■ Goal of the exercise ■
Find "Penske Logistics Given" below and begin at its line; stop after the line with "Portada de Pan de la noche, de Ibán de León.". Output those lines exactly, without pictures.

■ Information provided ■
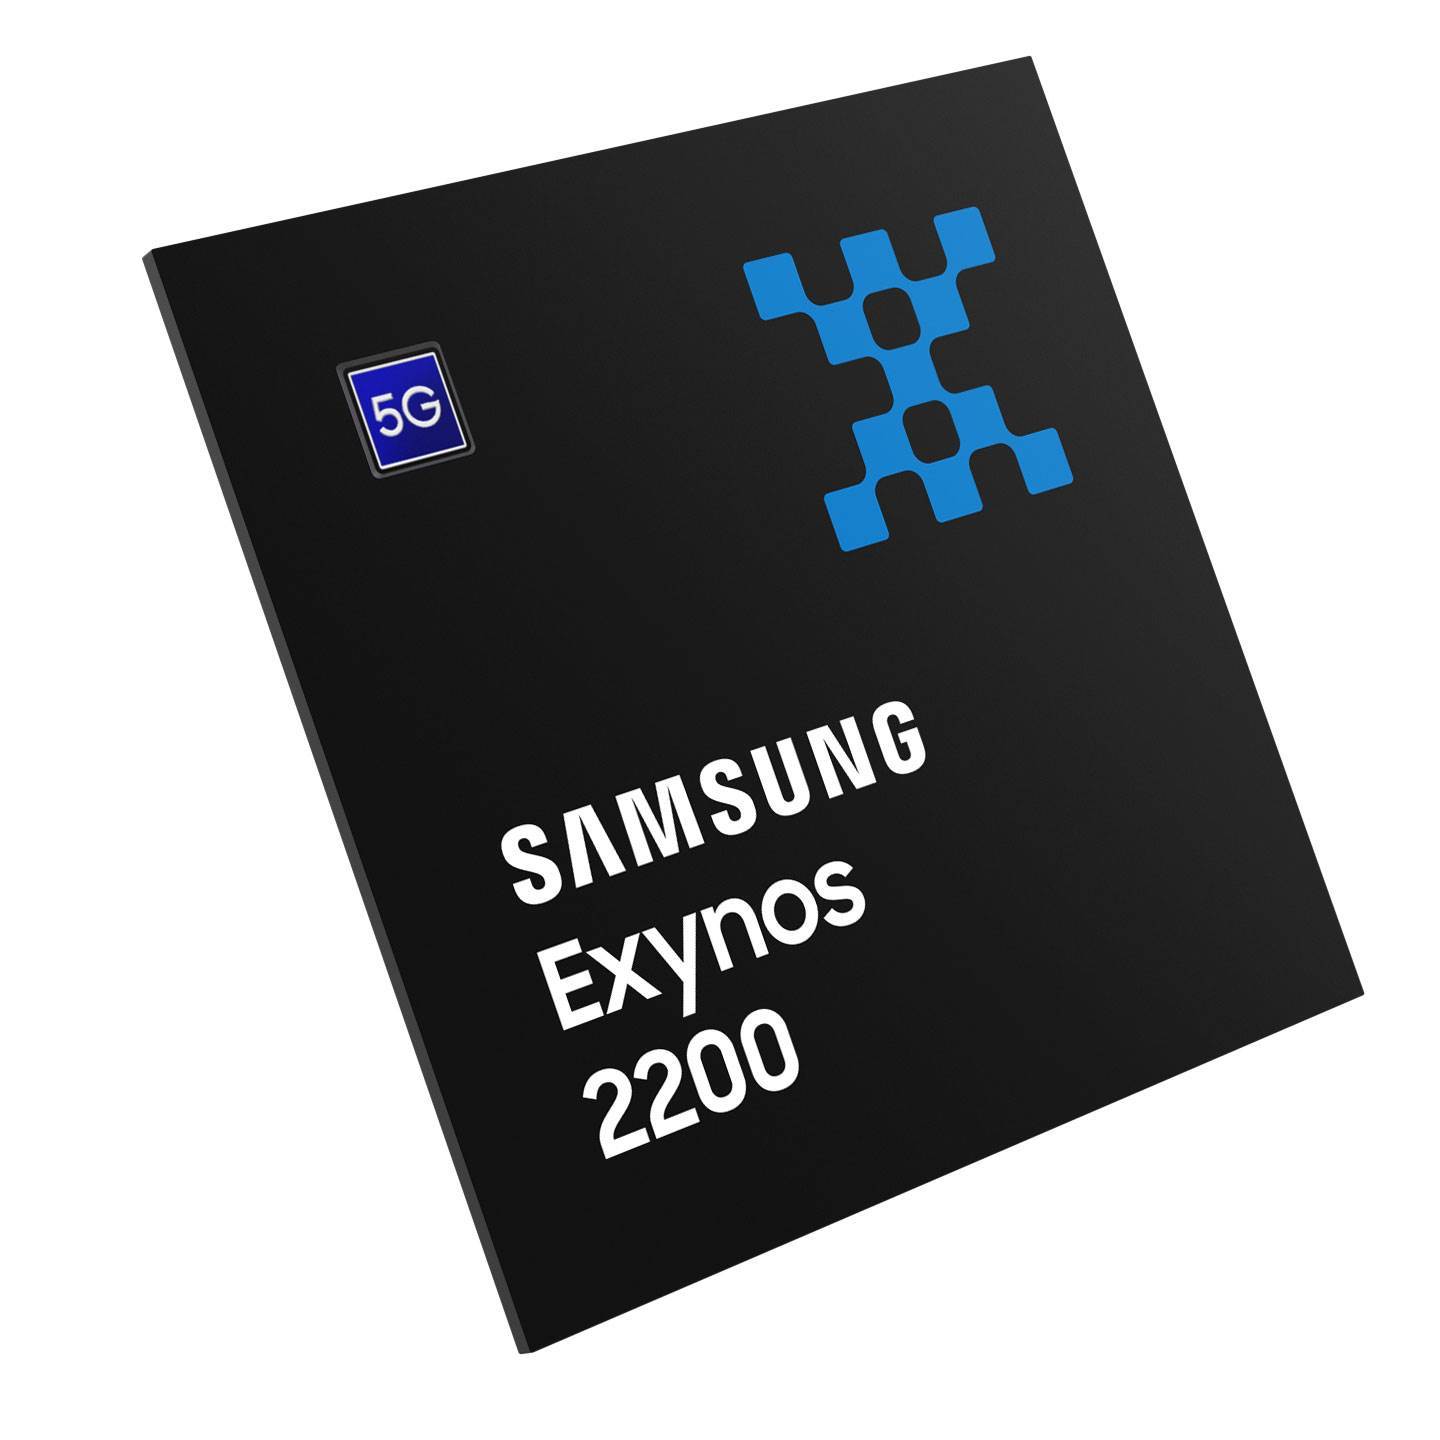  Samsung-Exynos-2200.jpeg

---

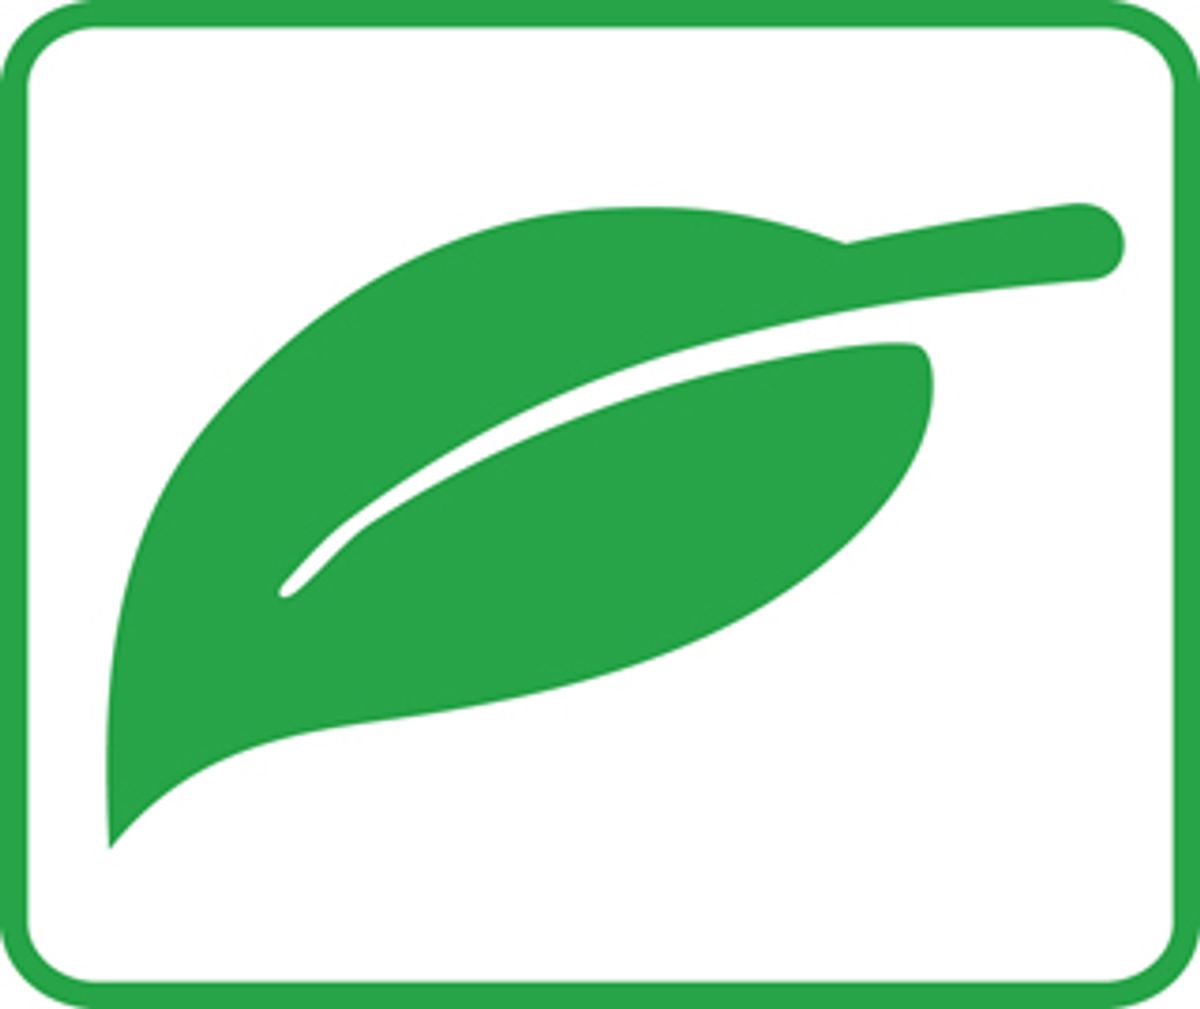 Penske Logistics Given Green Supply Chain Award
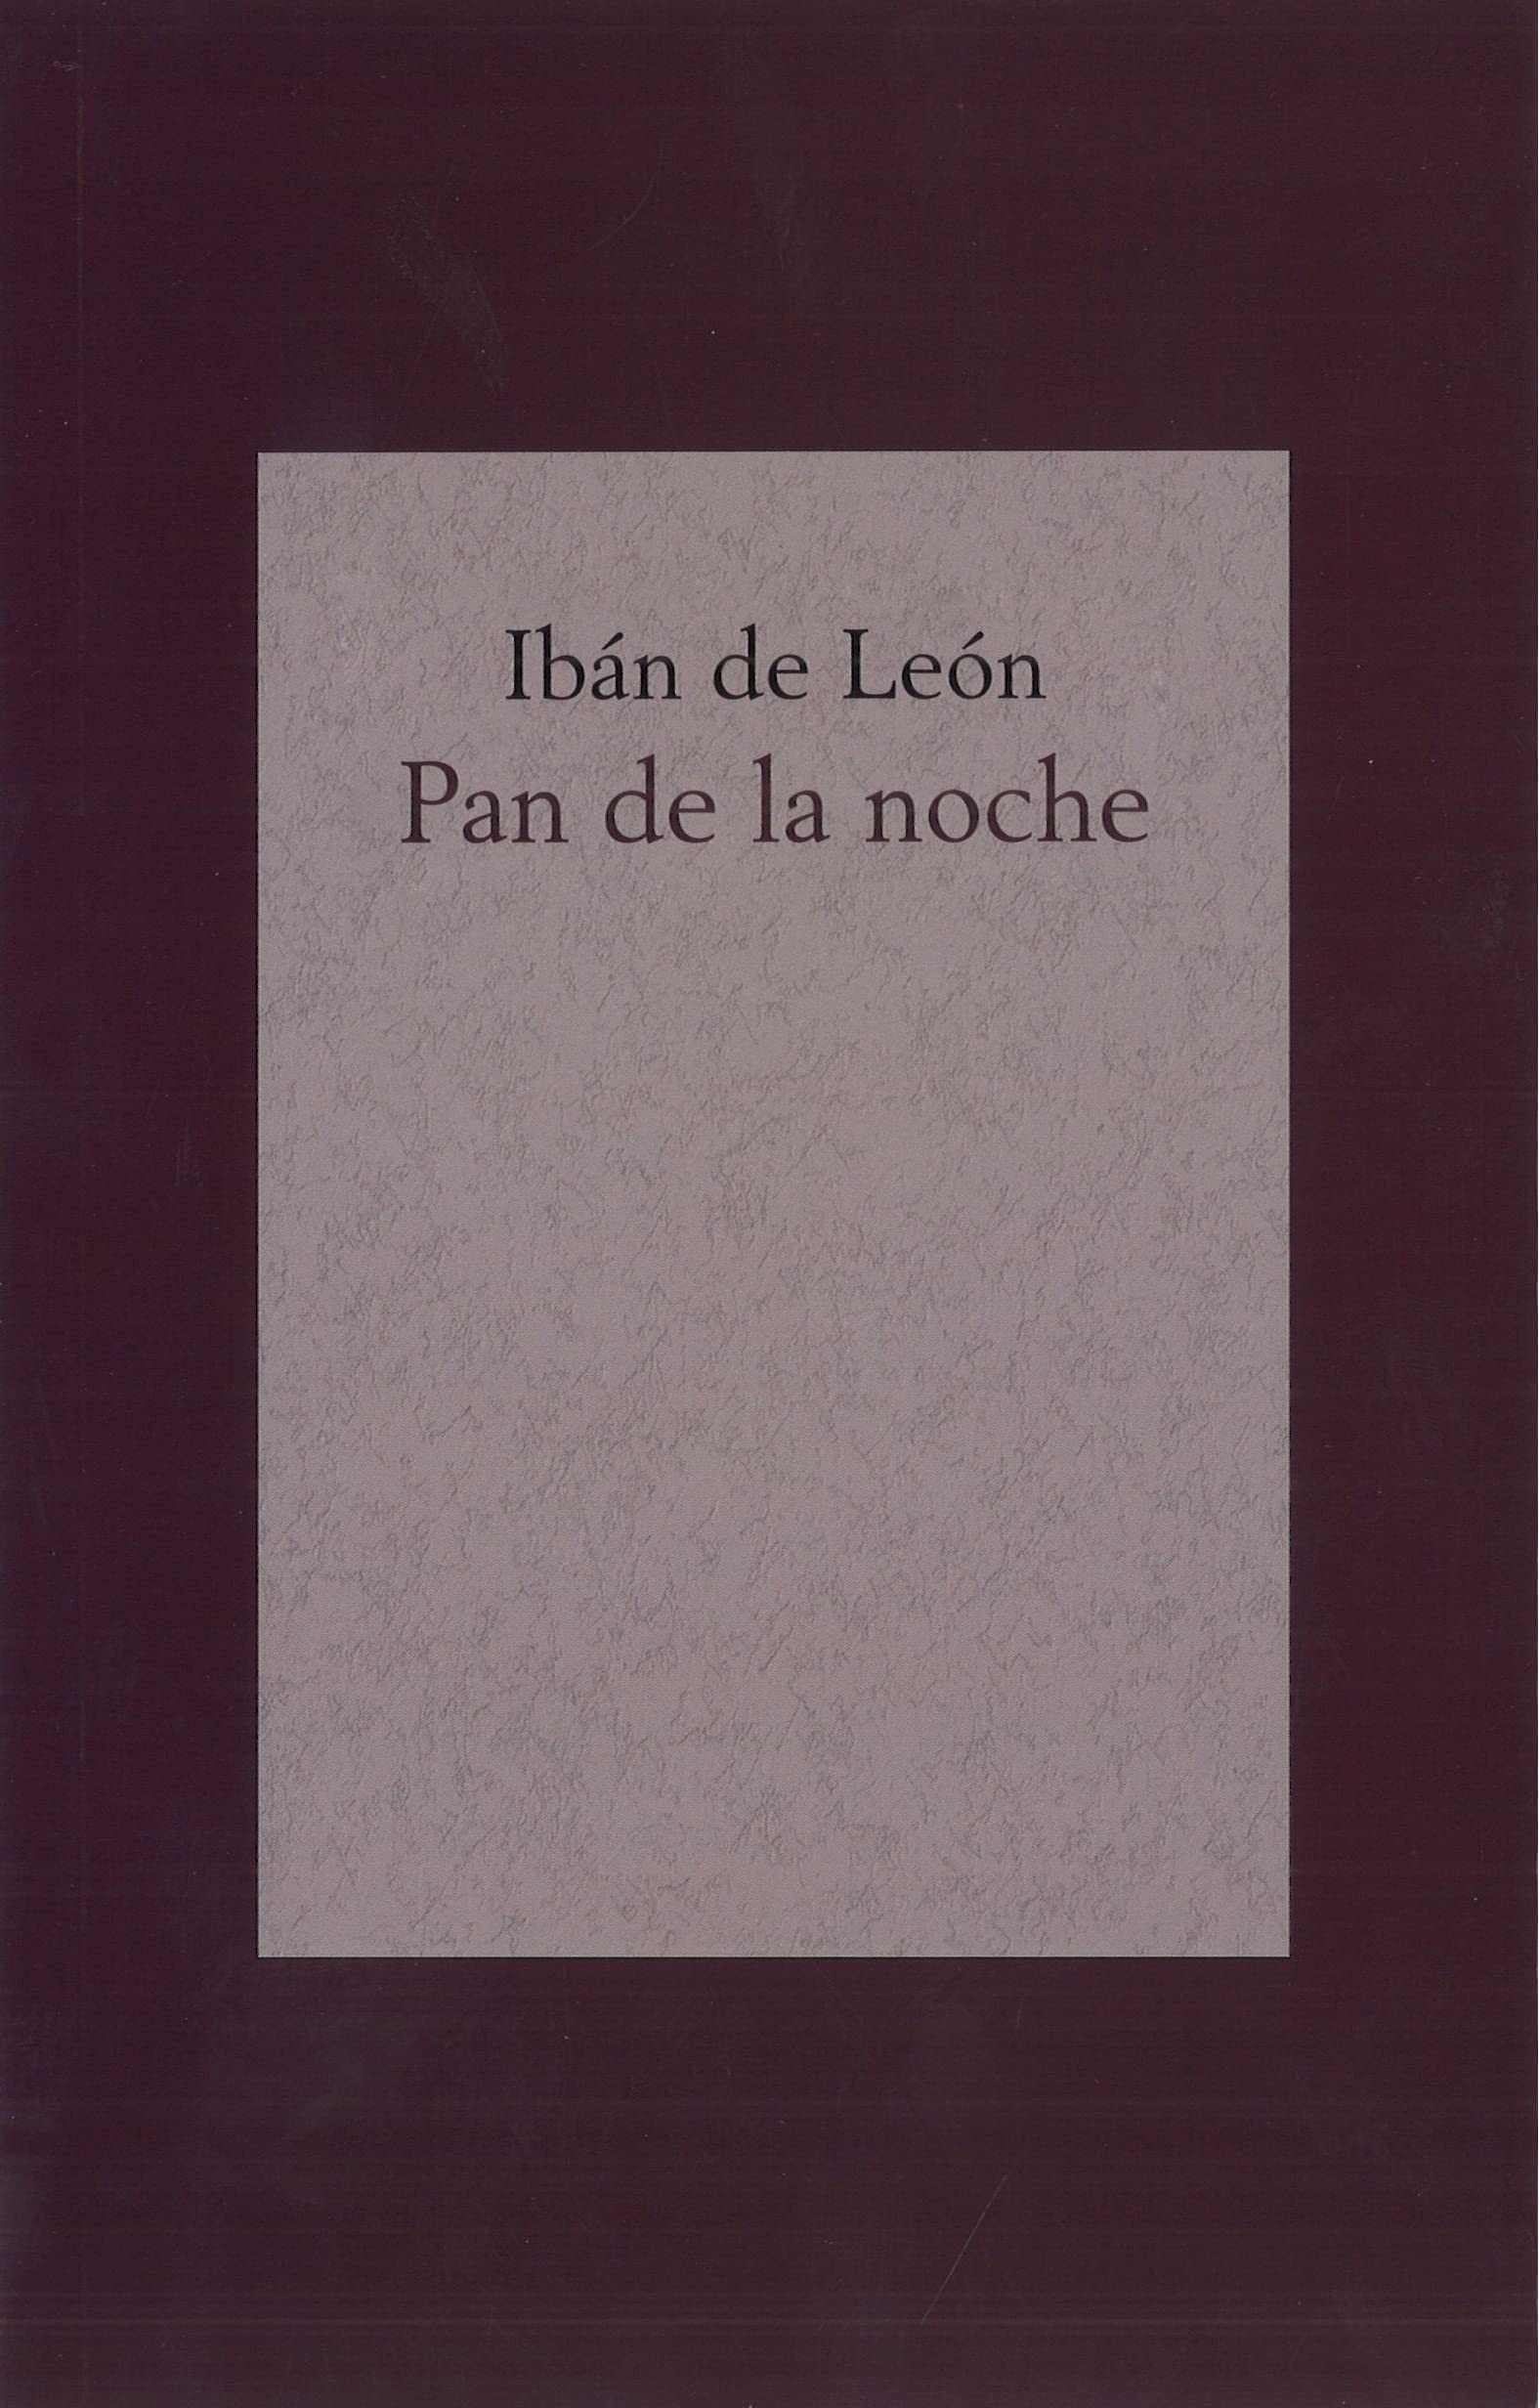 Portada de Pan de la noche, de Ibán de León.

* * *

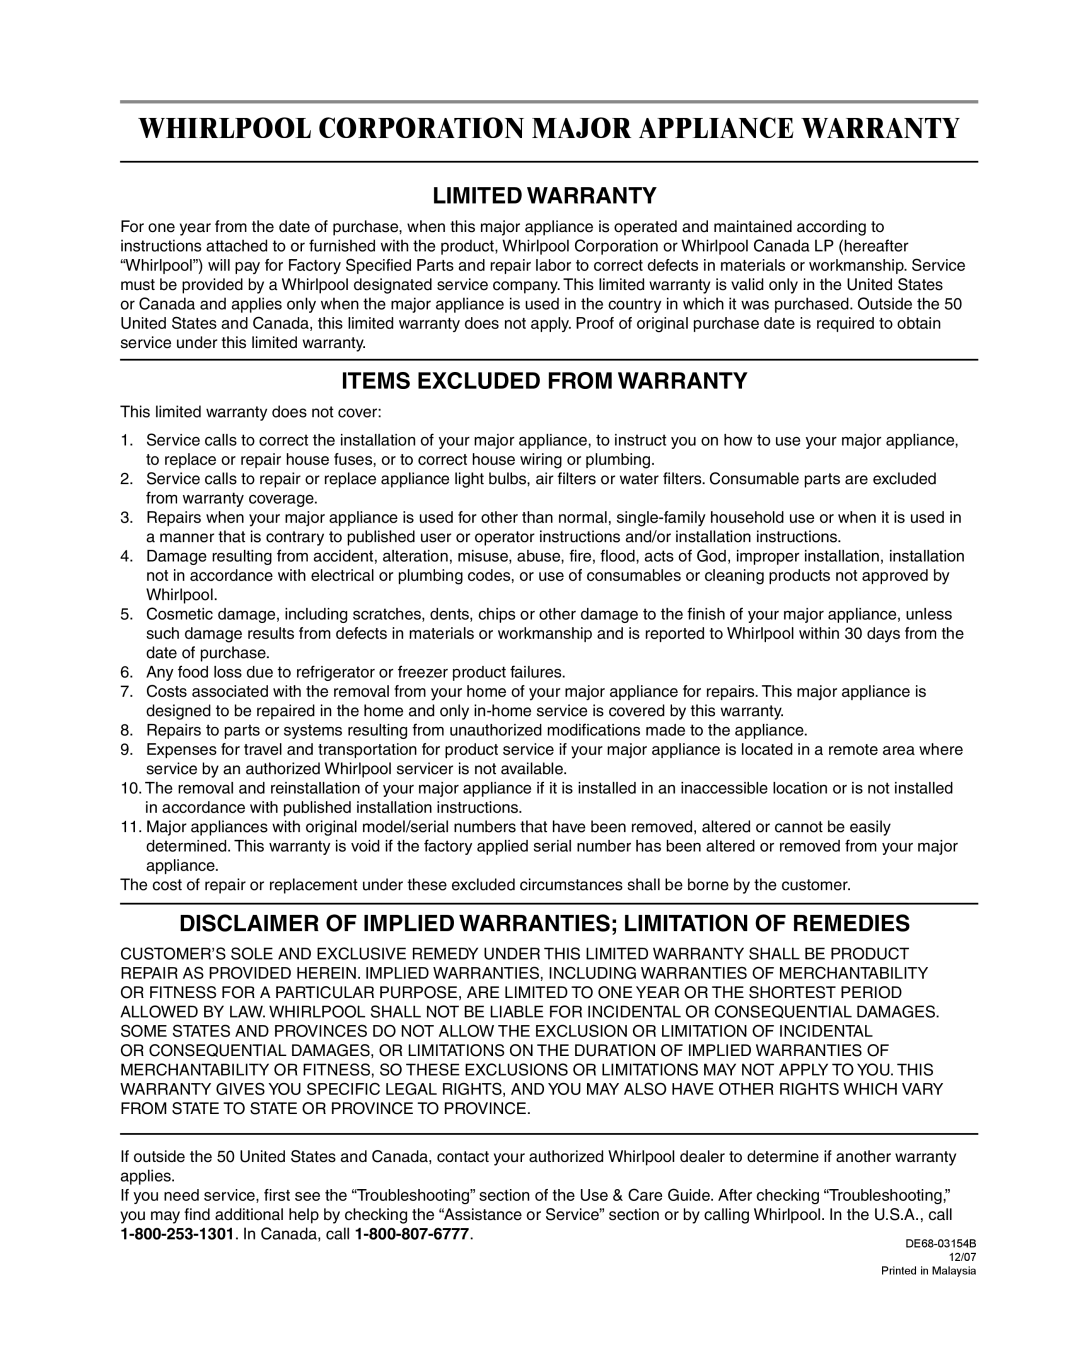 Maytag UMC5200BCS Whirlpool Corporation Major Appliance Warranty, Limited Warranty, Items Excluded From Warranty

■ Exercise response ■
 Penske Logistics Given Green Supply Chain Award
 Portada de Pan de la noche, de Ibán de León.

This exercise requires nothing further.